PROMPT> In the records below, find the line with "Bananinha com Chocolate" and repeat exactly every line from it through the line with "Controlador west p6100". Pictures stay out.

DATASET ENTRIES>
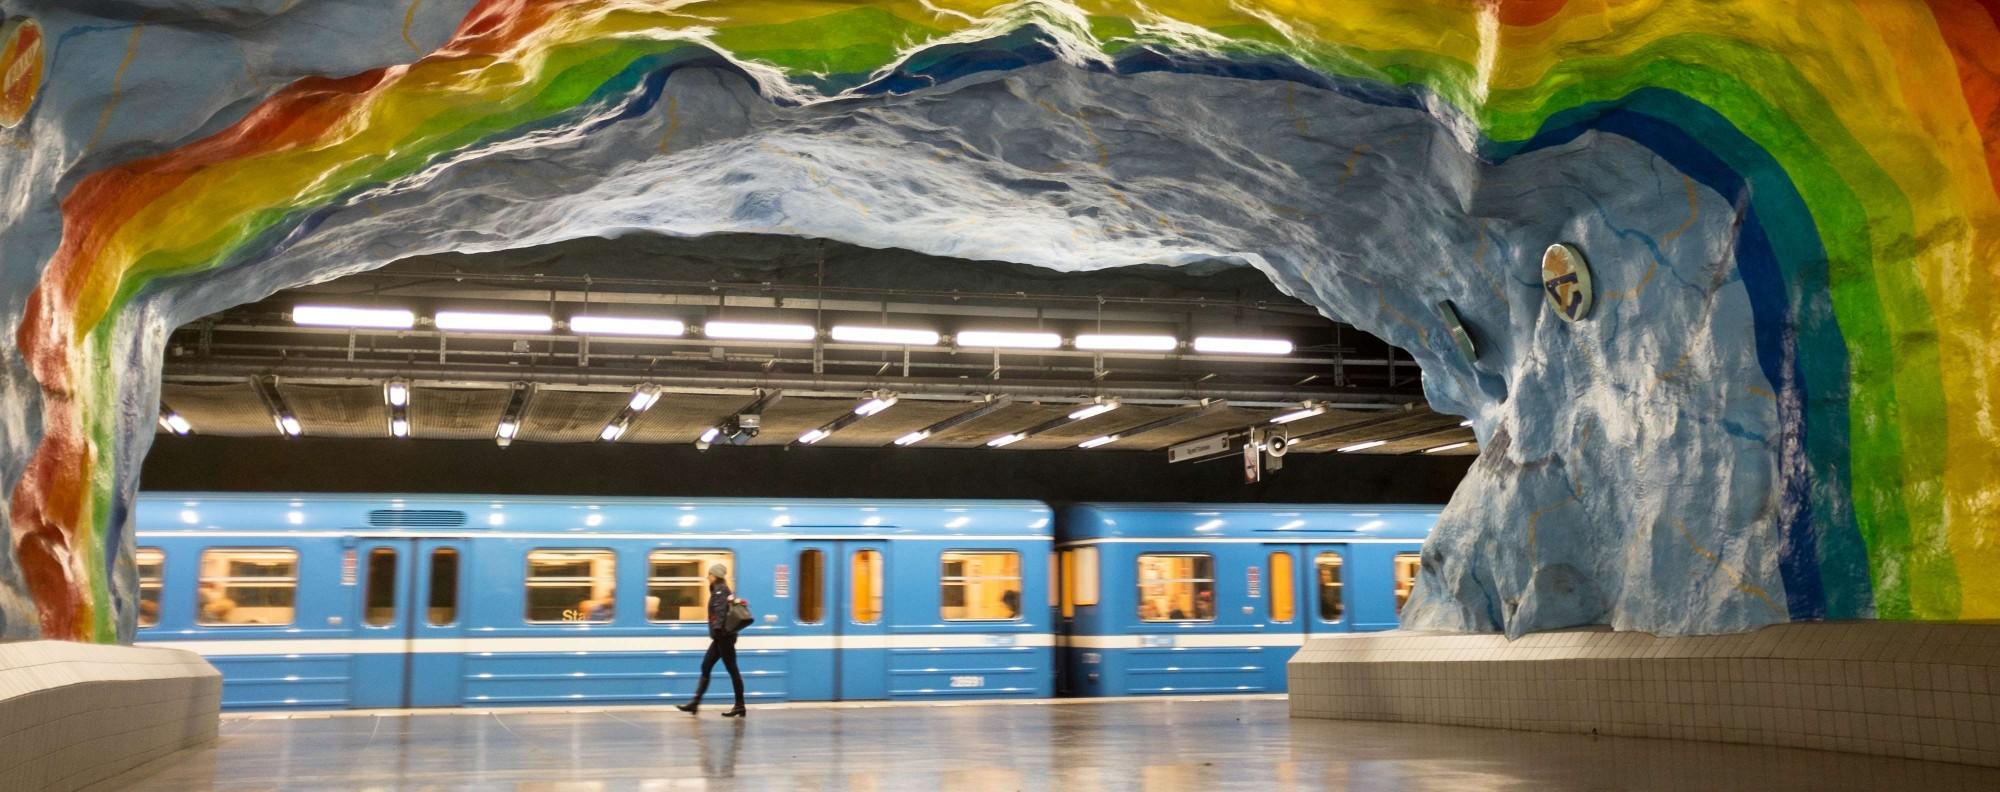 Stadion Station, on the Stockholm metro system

==

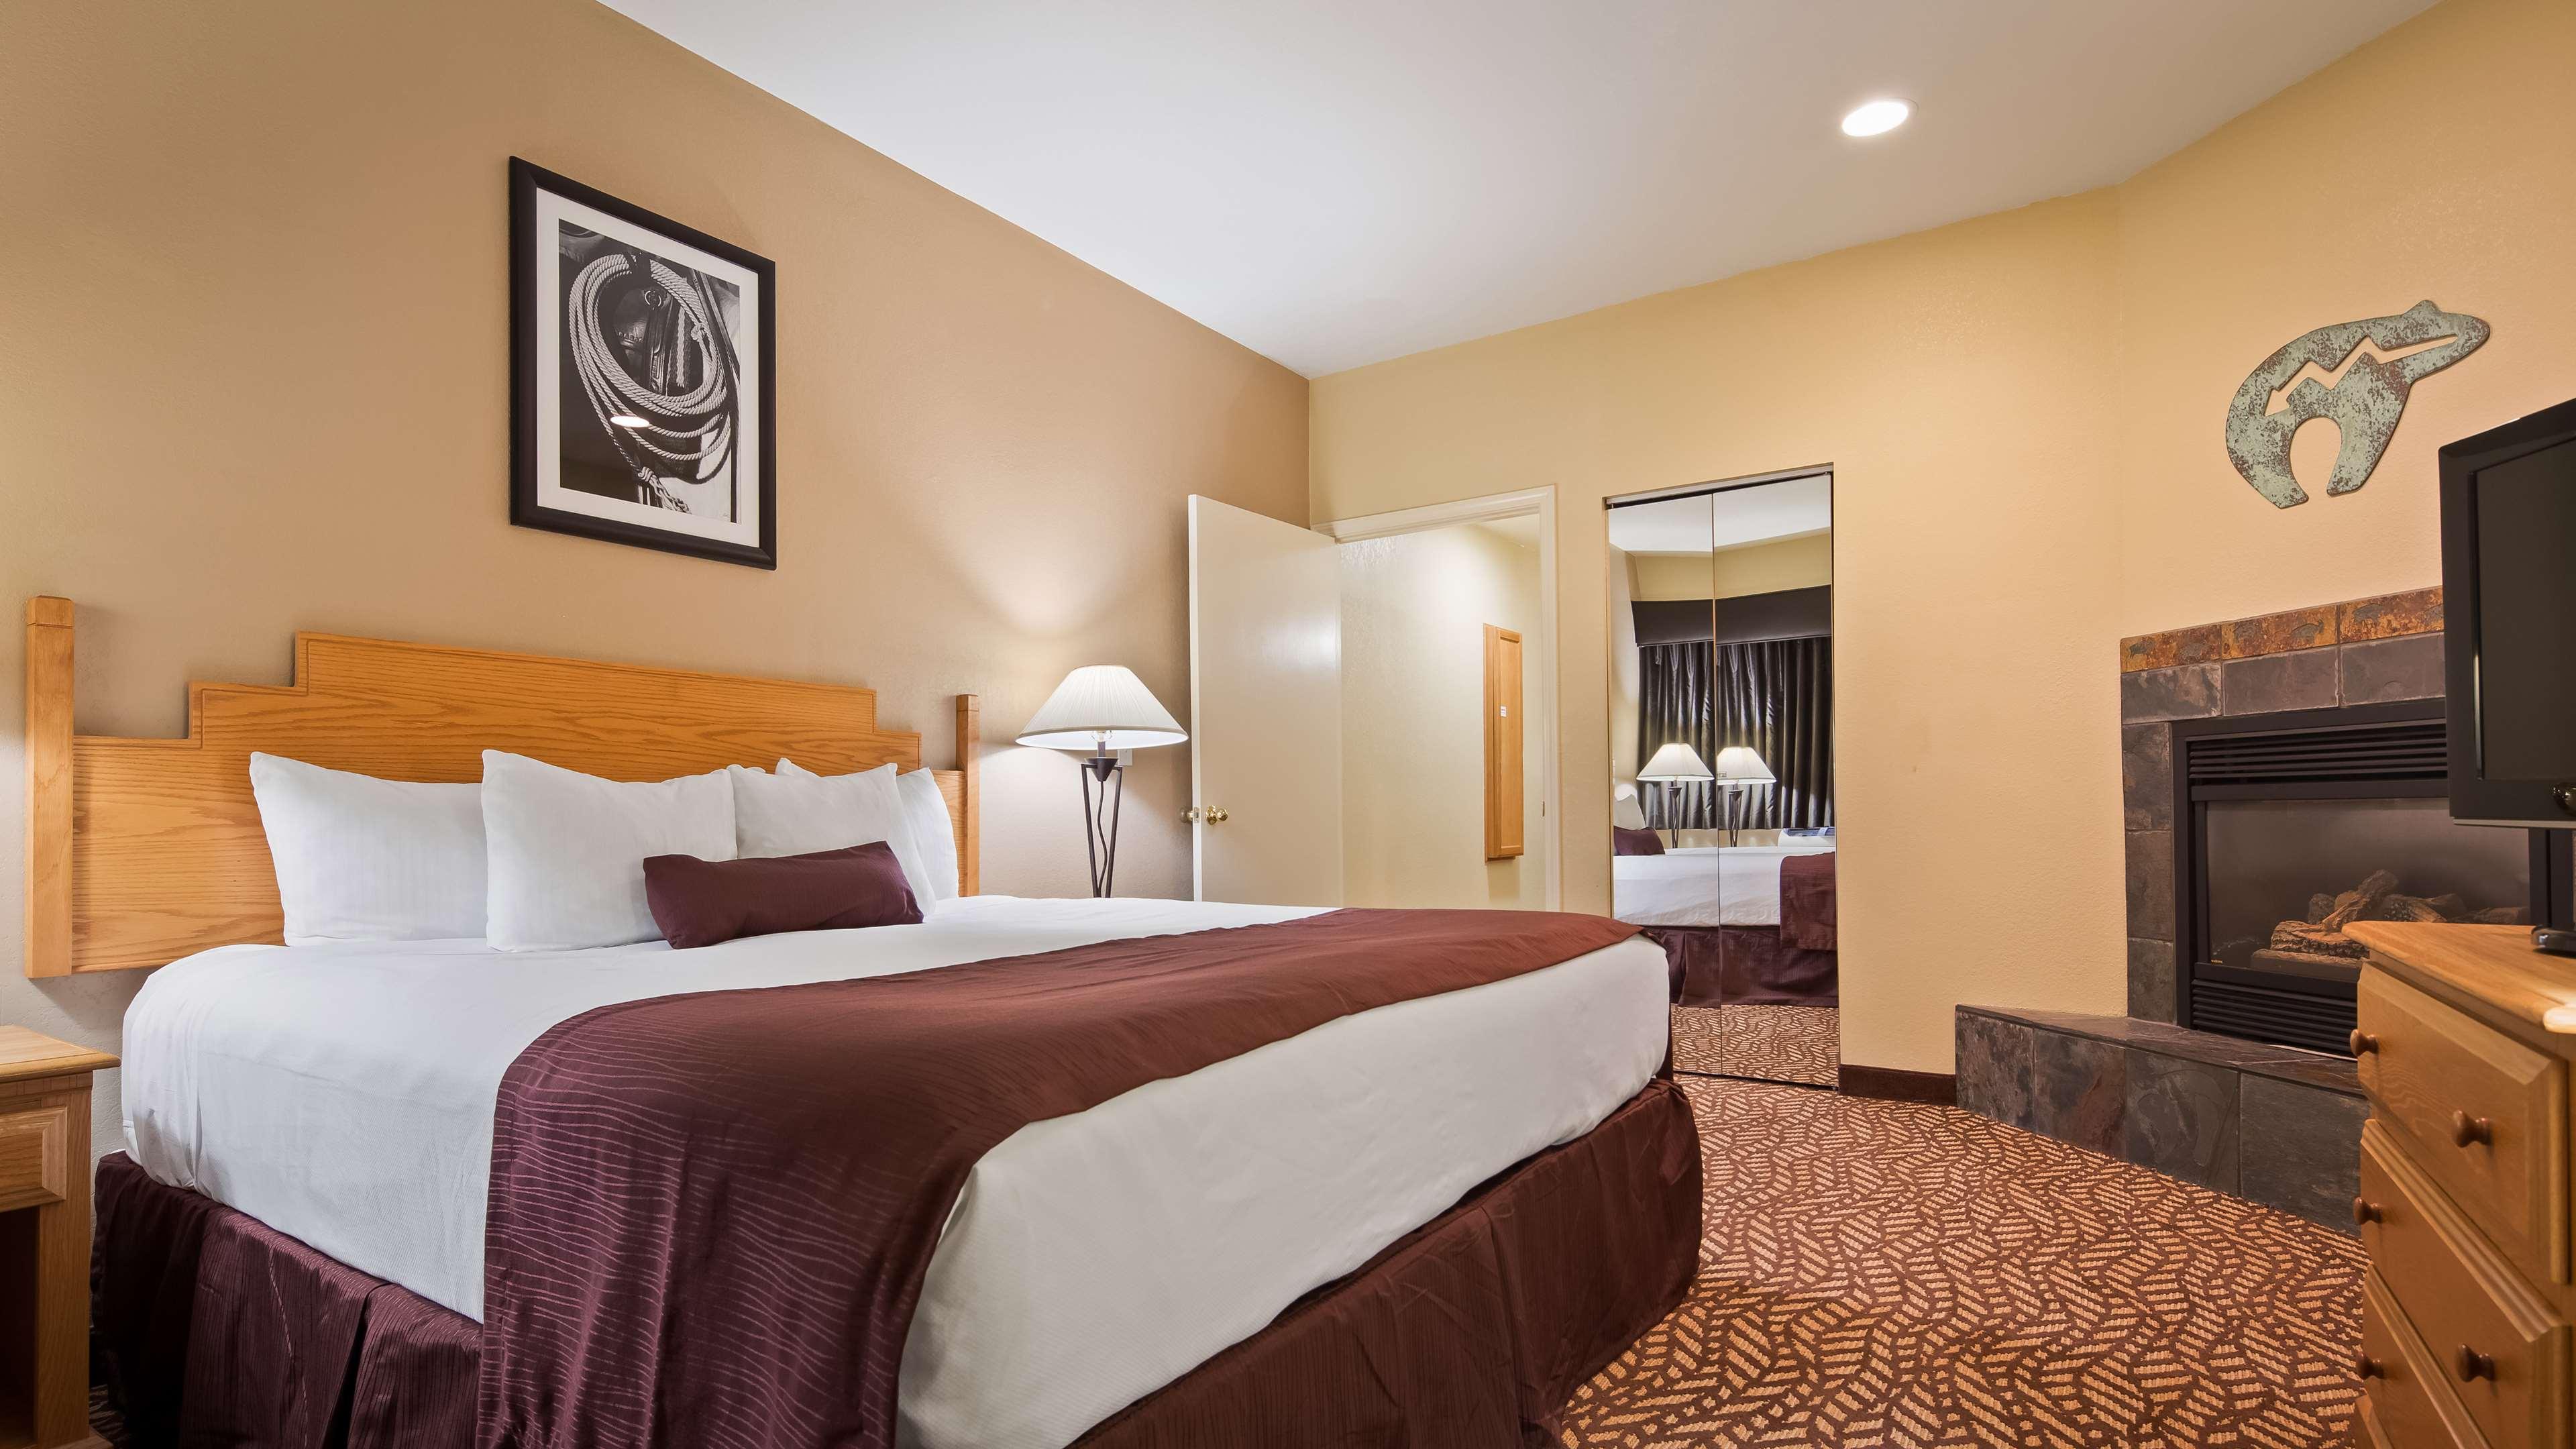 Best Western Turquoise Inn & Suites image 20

...

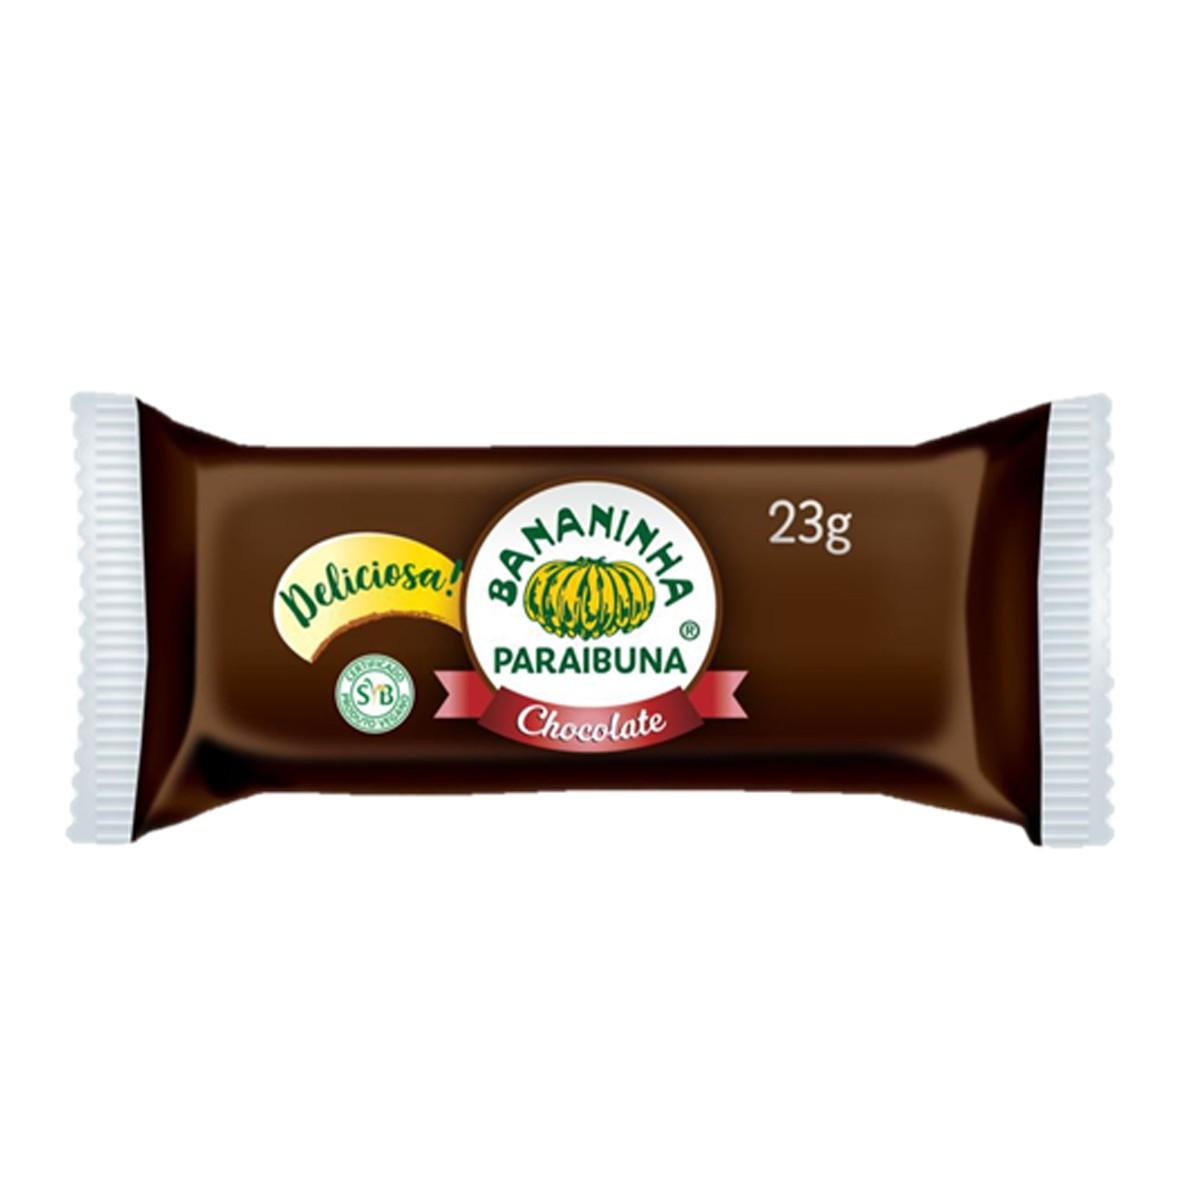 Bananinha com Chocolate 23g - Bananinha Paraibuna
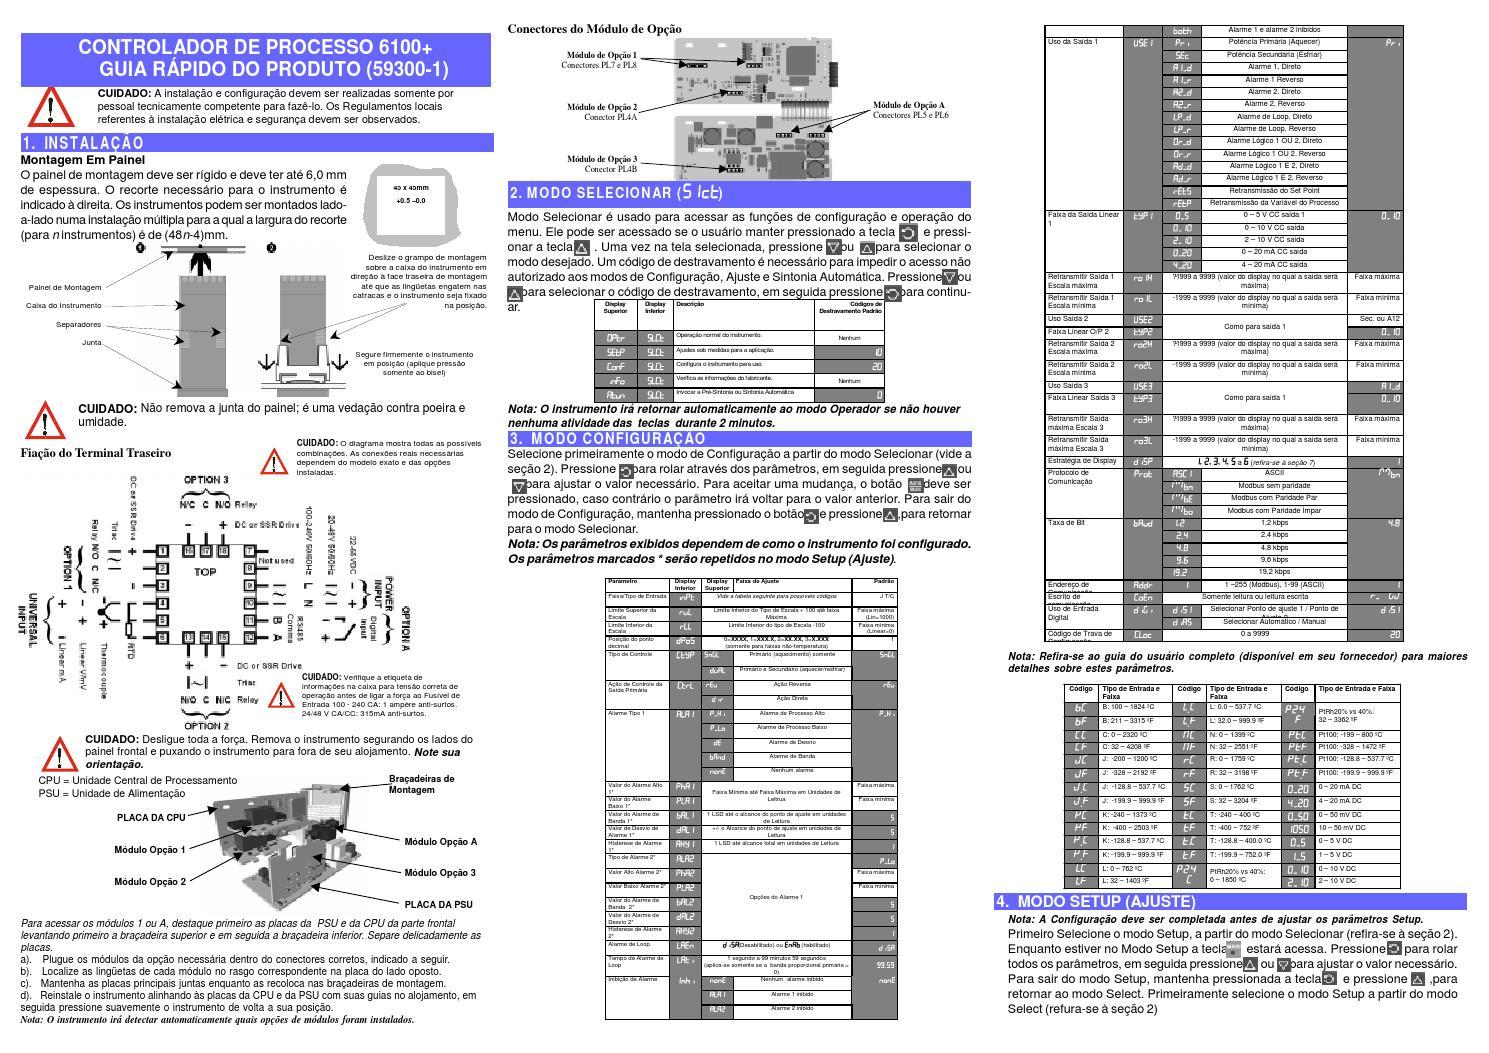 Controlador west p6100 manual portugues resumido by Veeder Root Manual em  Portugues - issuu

RESULT BELOW>
 Bananinha com Chocolate 23g - Bananinha Paraibuna
 Controlador west p6100 manual portugues resumido by Veeder Root Manual em  Portugues - issuu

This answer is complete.